• **SUPPLIED MATERIAL**

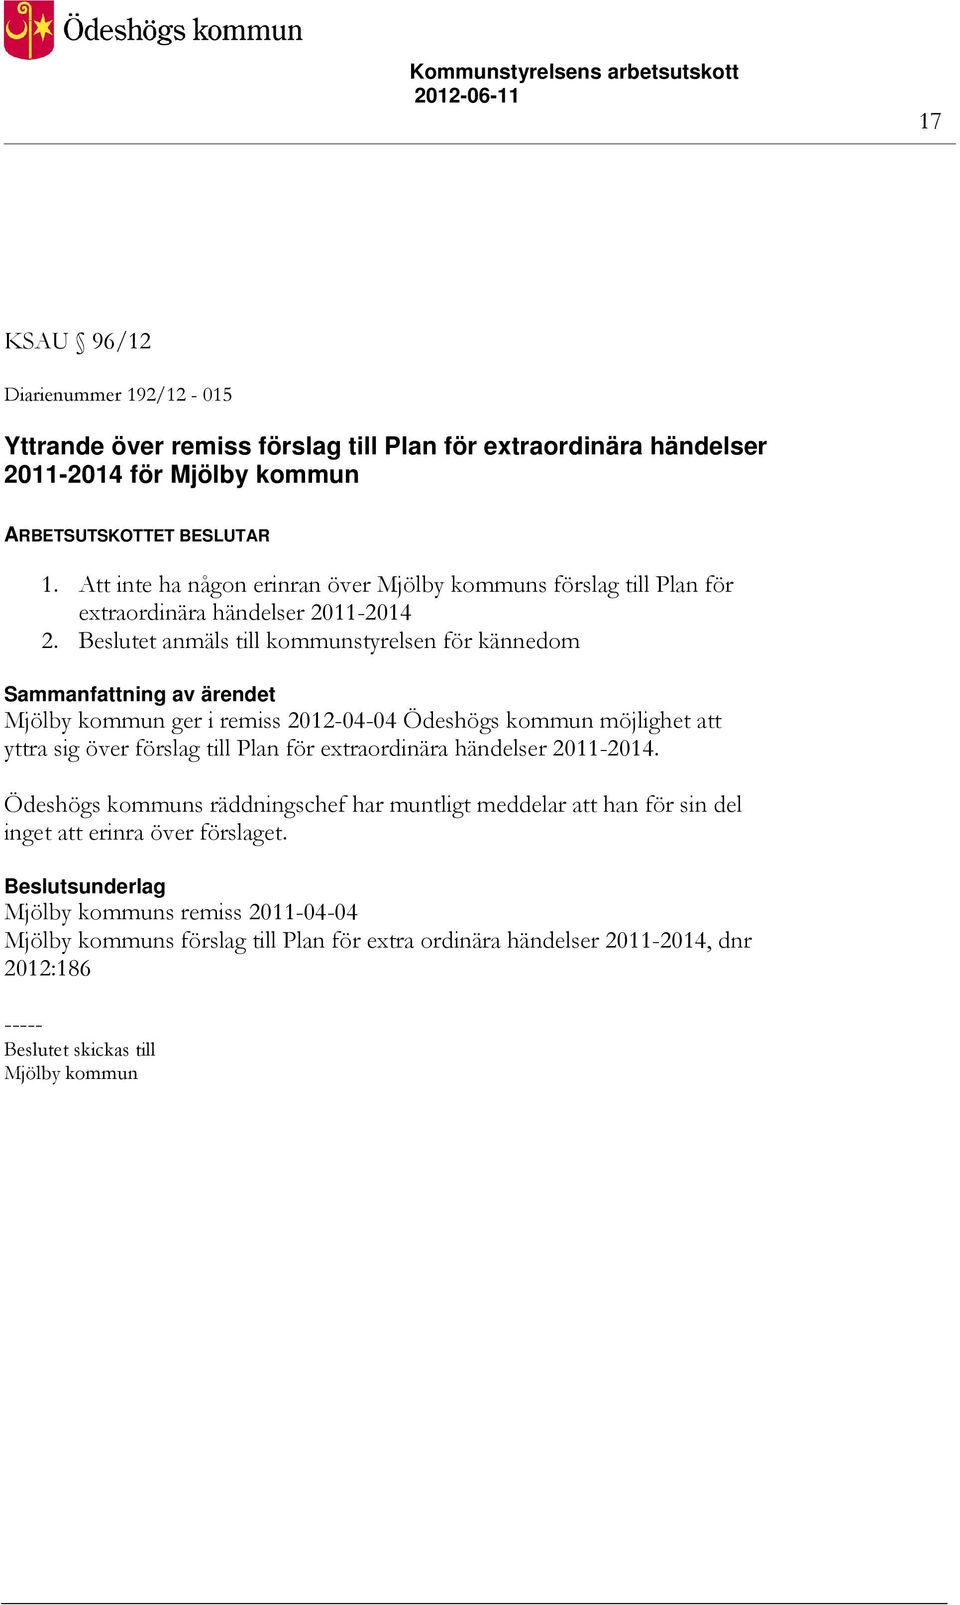 Beslutet anmäls till kommunstyrelsen för kännedom Mjölby kommun ger i remiss 2012-04-04 Ödeshögs kommun möjlighet att yttra sig över förslag till Plan för extraordinära händelser
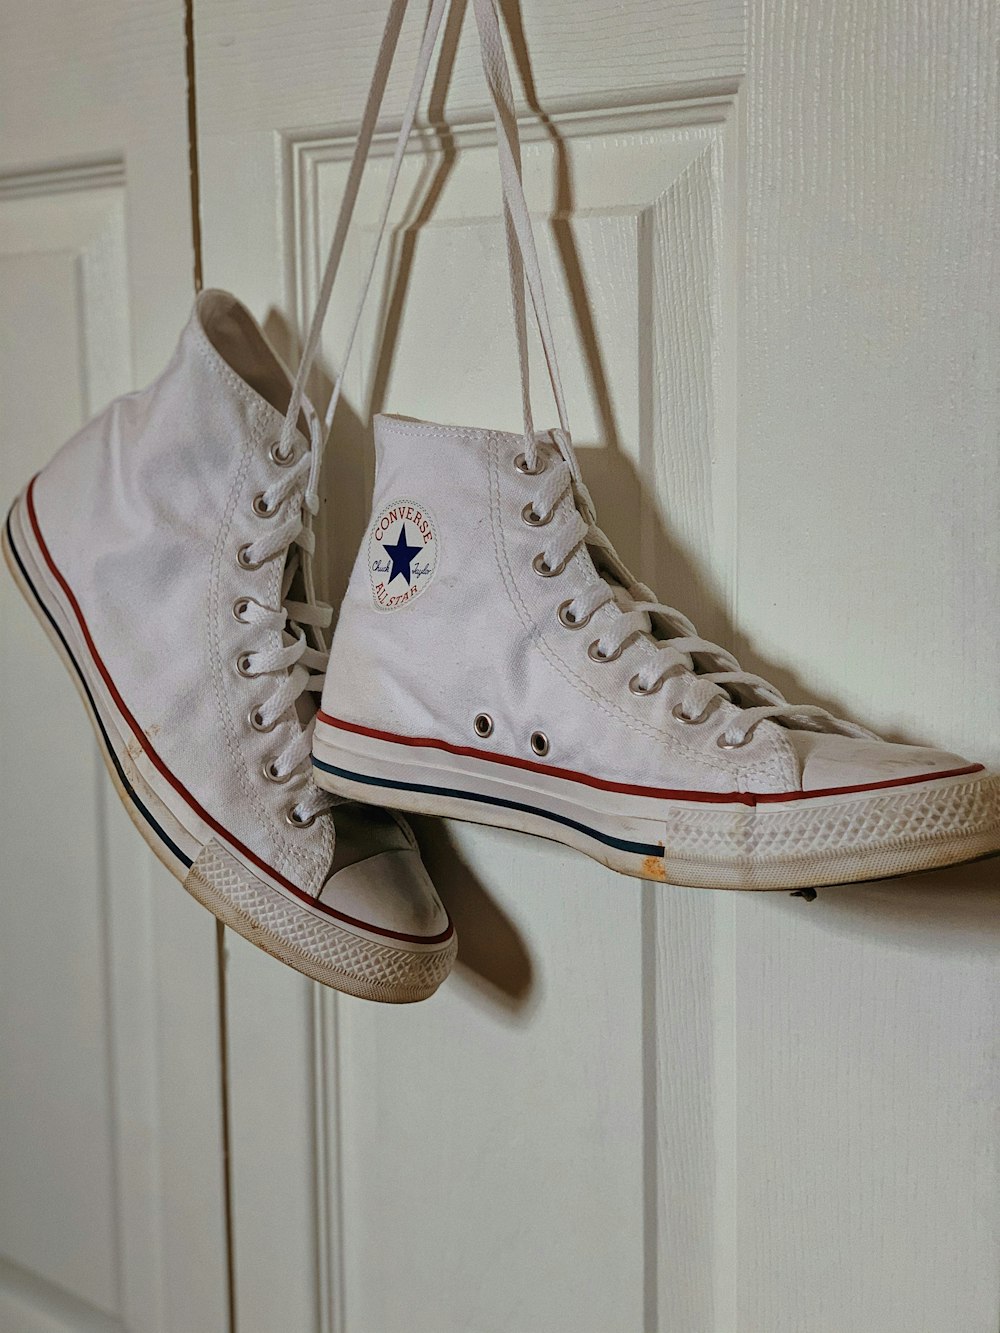 Zapatillas altas Converse All Star blancas
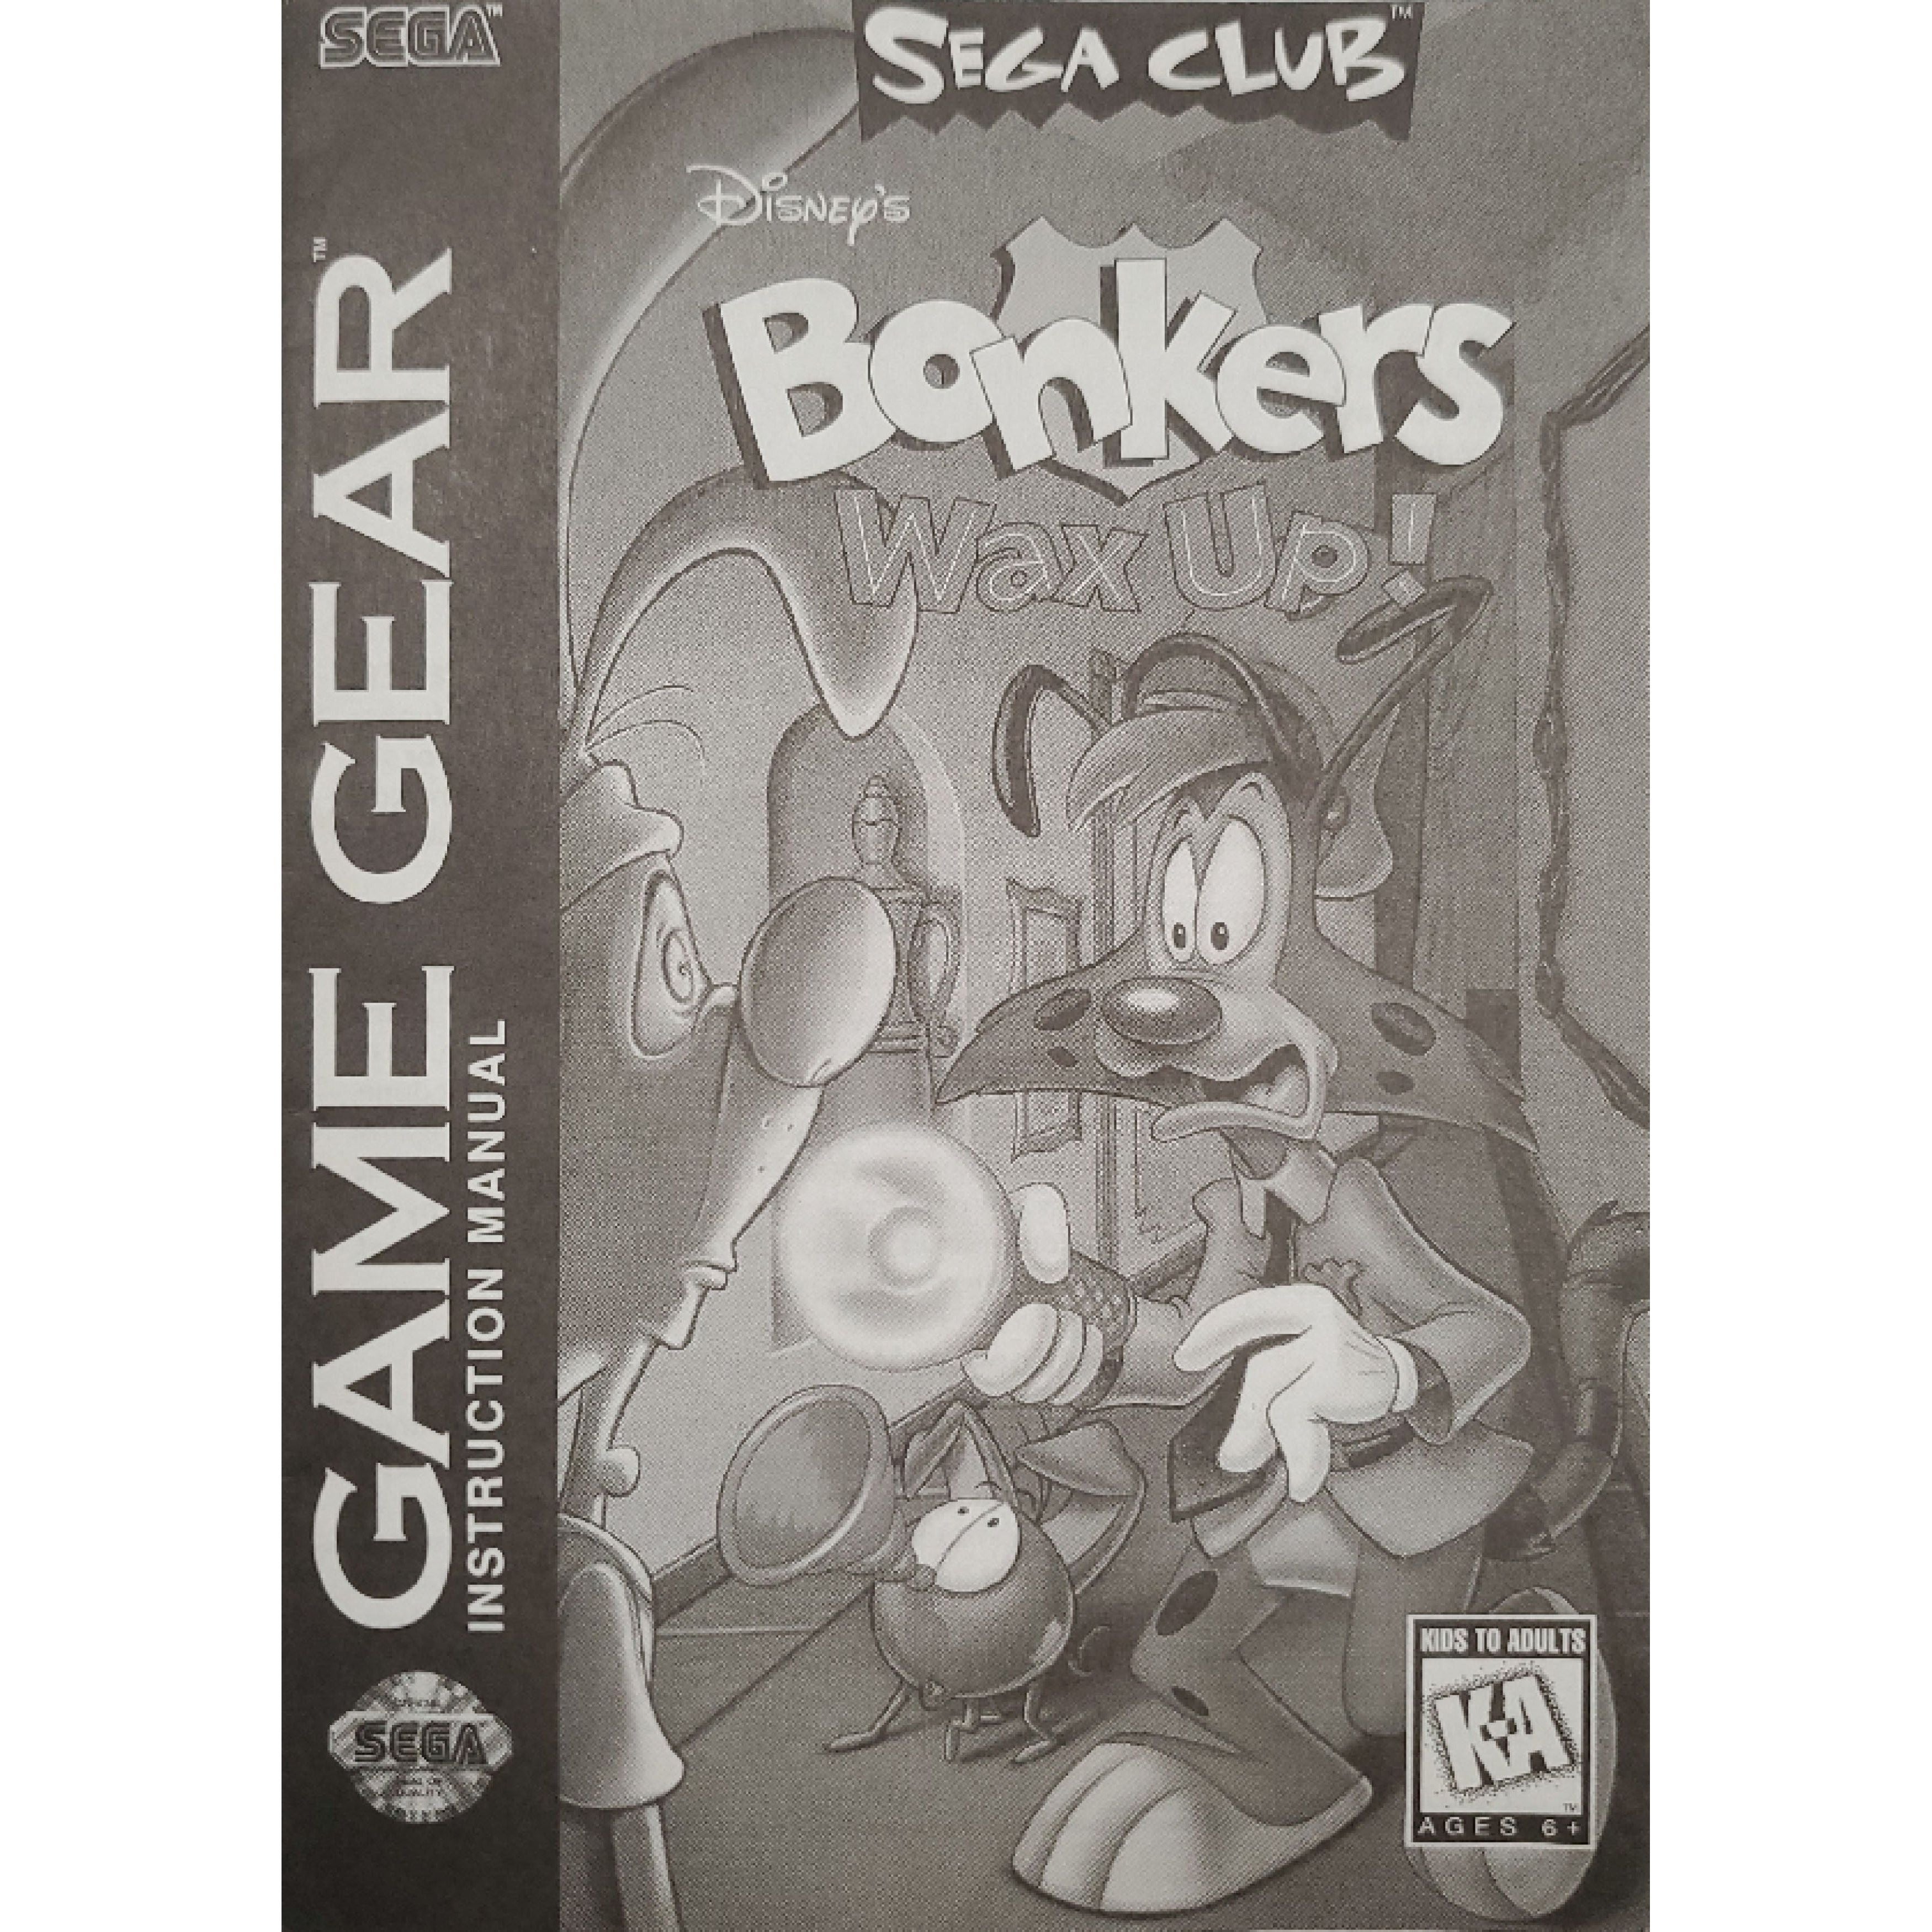 GameGear - Bonkers Wax Up (Manuel monochrome)

• **WHAT THE TASK ASKS**
Everything in the listing above must be retyped exactly, except for the pictures.

• **WRITTEN SOLUTION**
 Beslutet anmäls till kommunstyrelsen för kännedom Mjölby kommun ger i remiss 2012-04-04 Ödeshögs kommun möjlighet att yttra sig över förslag till Plan för extraordinära händelser
 Zapatillas altas Converse All Star blancas
 GameGear - Bonkers Wax Up (Manuel monochrome)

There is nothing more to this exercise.